Par conséquent, c’est avec raison que la vice-présidence du Tribunal civil est arrivée à la conclusion qu’en l’absence d’un juste motif, elle ne pouvait pas accéder à la demande de changement d’avocat, cela quand bien même le conseil actuel de la recourante, particulièrement compréhensive, avait déclaré ne pas s’opposer au changement d’avocat.

Le rejet du changement d’avocat est d’autant plus compréhensible que la recourante a, sur recours, finalement renoncé à sa représentation par son ancienne avocate en sollicitant la nomination d’un nouveau conseil. Cela dénote qu’il ne lui était pas aussi impérieux de poursuivre avec sa précédente avocate et qu’elle était disposée à être représentée par un conseil ne connaissant pas déjà la complexité de sa situation familiale.

Le refus du changement de conseil a pour conséquence que la recourante dispose du choix entre la poursuite de sa représentation par son avocate actuelle, aux conditions de l’assistance juridique, ou de persister dans sa renonciation, avec pour conséquence qu’elle devra rémunérer, par ses propres moyens, un nouveau conseil de son choix.

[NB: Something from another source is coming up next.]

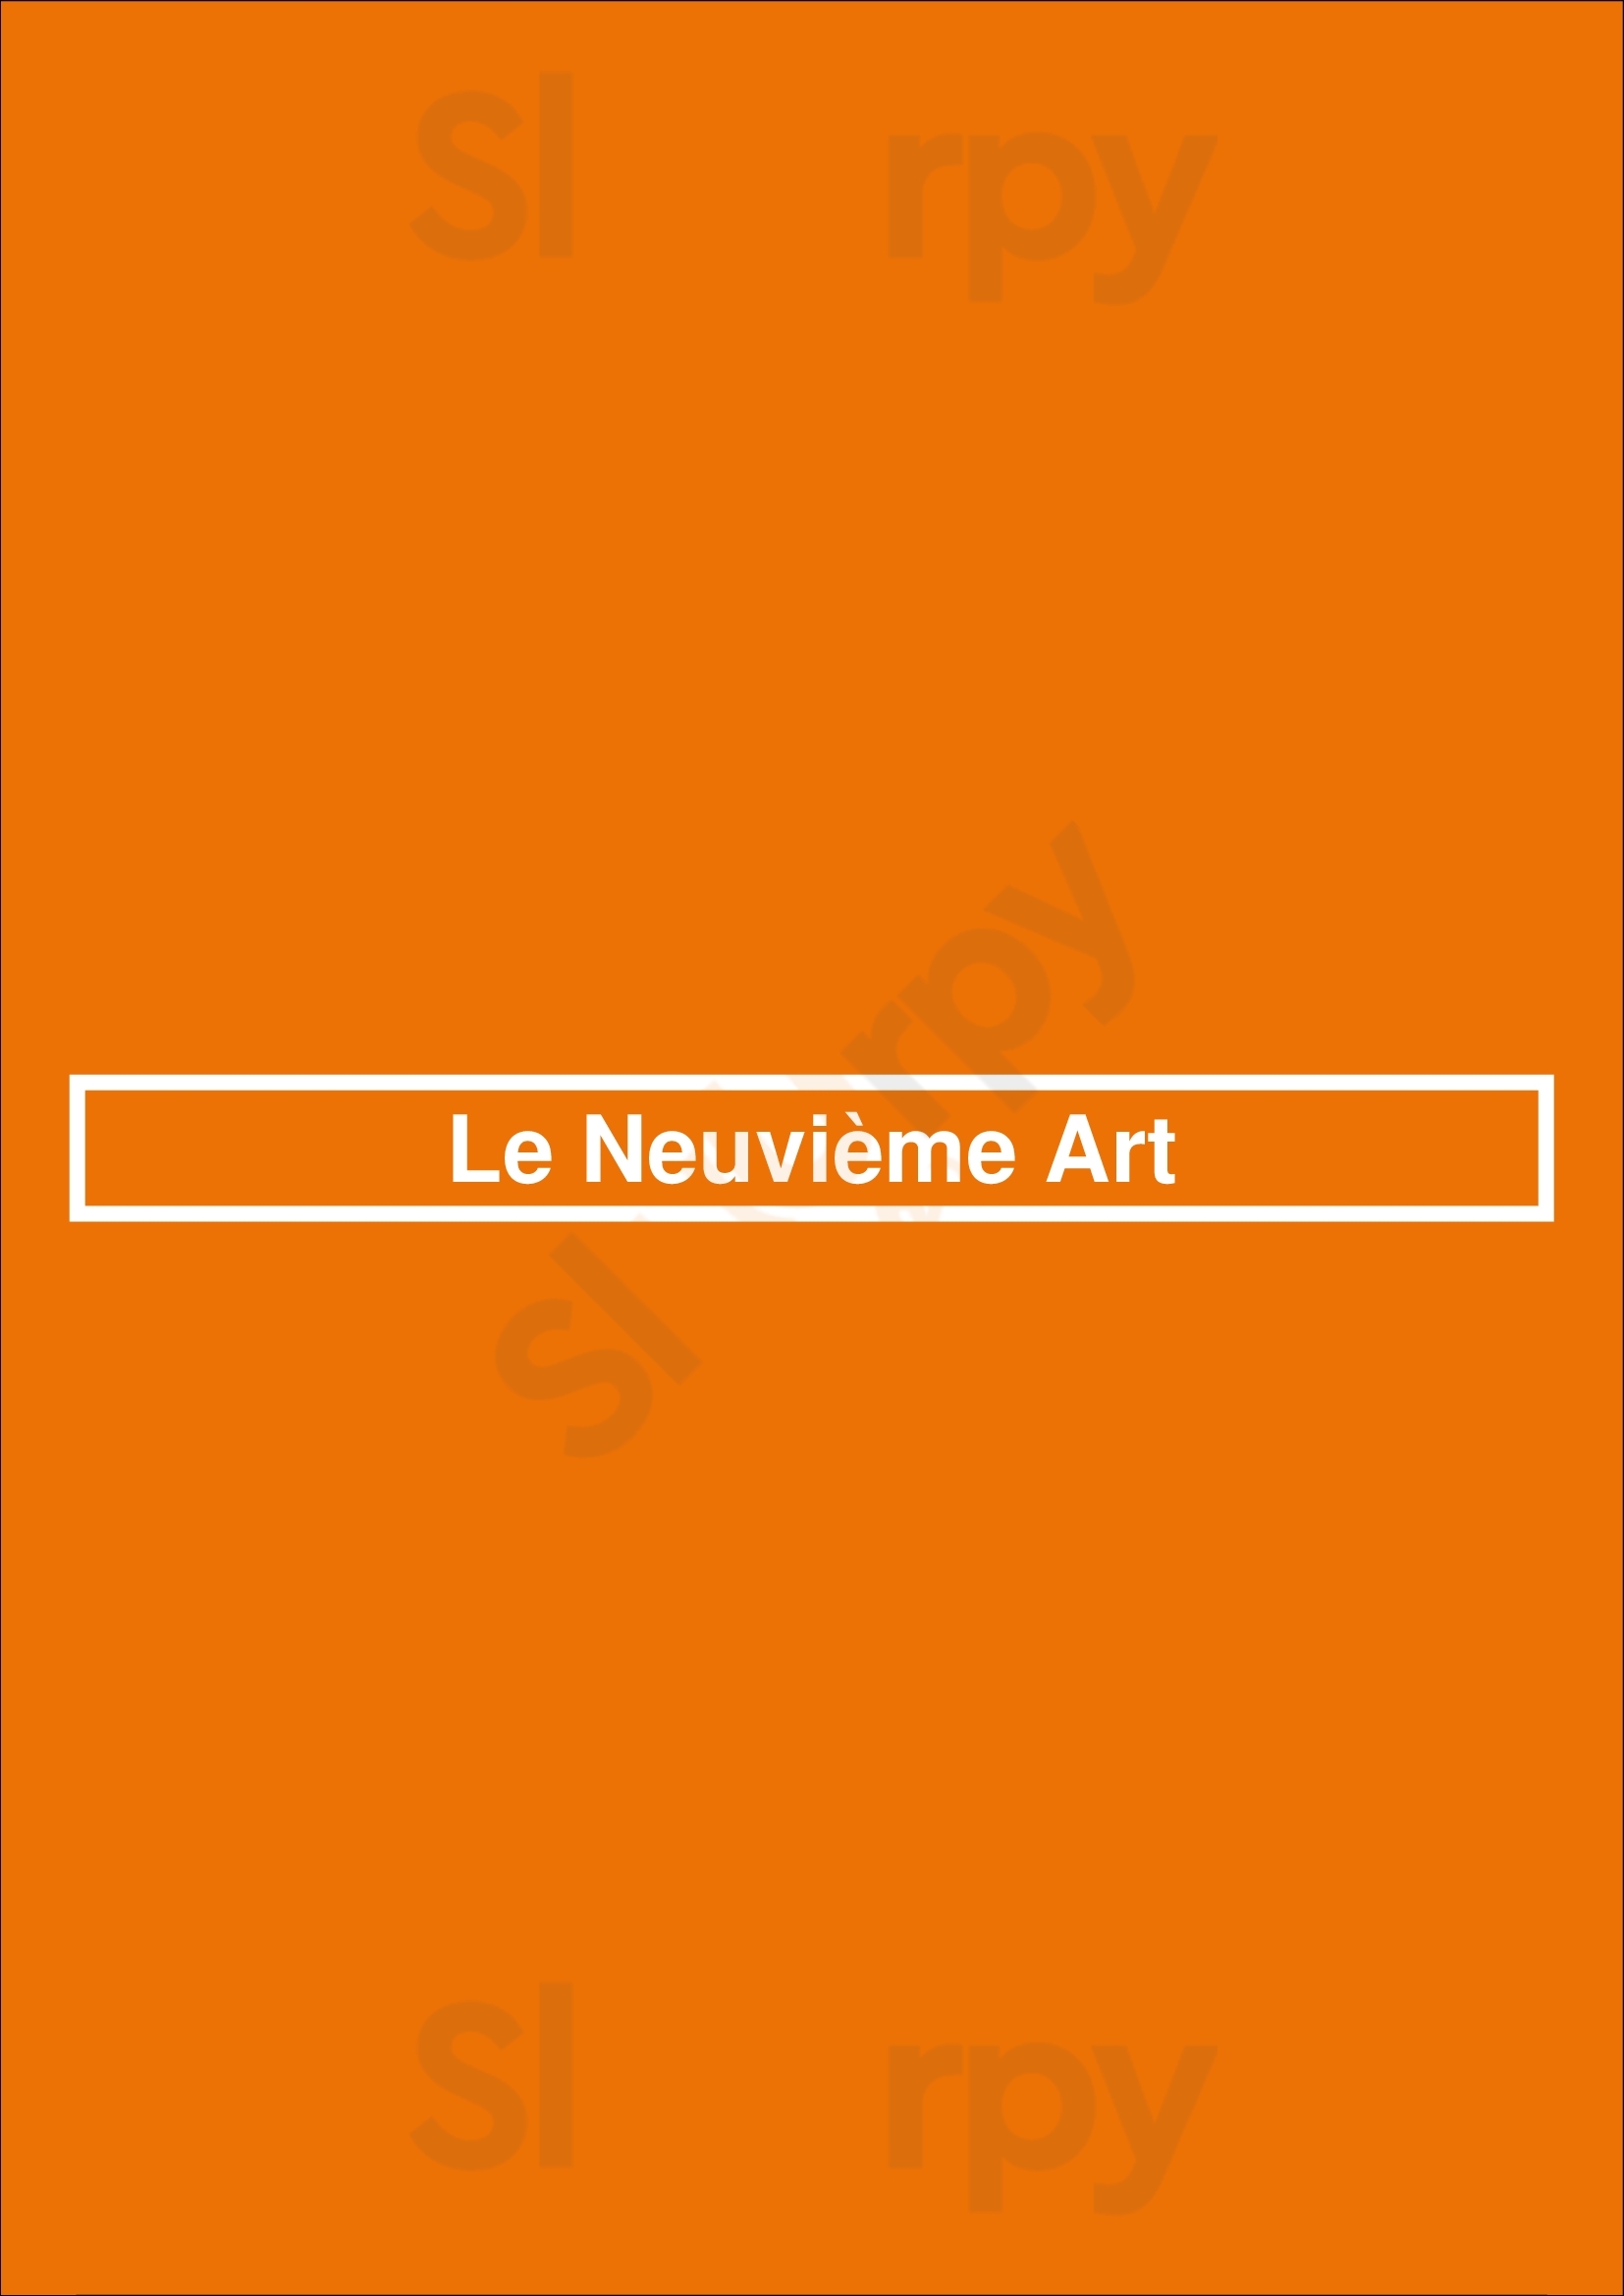 Le Neuvième Art Lyon Menu - 1

4.             Sauf exceptions non réalisées en l'espèce, il n'est pas perçu de frais judiciaires pour la procédure d'assistance juridique (art. 119 al. 6 CPC). Il n'y a pas lieu à l'octroi de dépens.

* * * * *


PAR CES MOTIFS,
LA VICE-PRÉSIDENTE DE LA COUR :


Déclare irrecevable le recours formé par A______ contre la décision rendue le 18 août 2025 par la vice-présidence du Tribunal civil dans la cause AC/1102/2024.

Déboute A______ de toutes autres conclusions.

Dit qu'il n'est pas perçu de frais judiciaires pour le recours, ni alloué de dépens.

Notifie une copie de la présente décision à A______ (art. 327 al. 5 CPC et 8 al. 3 RAJ).

Siégeant :

Madame Verena PEDRAZZINI RIZZI, vice-présidente; Madame Victoria PALLUD, greffière.

 

 

 

 

 

 

 

 

 

 

 

 

Indication des voies de recours :

 

Conformément aux art. 72 ss de la loi fédérale sur le Tribunal fédéral du 17 juin 2005 (LTF; RS 173.110), la présente décision peut être portée dans les trente jours qui suivent sa notification avec expédition complète (art. 100 al. 1 LTF) par-devant le Tribunal fédéral par la voie du recours en matière civile.

 

Le recours doit être adressé au Tribunal fédéral, 1000 Lausanne 14.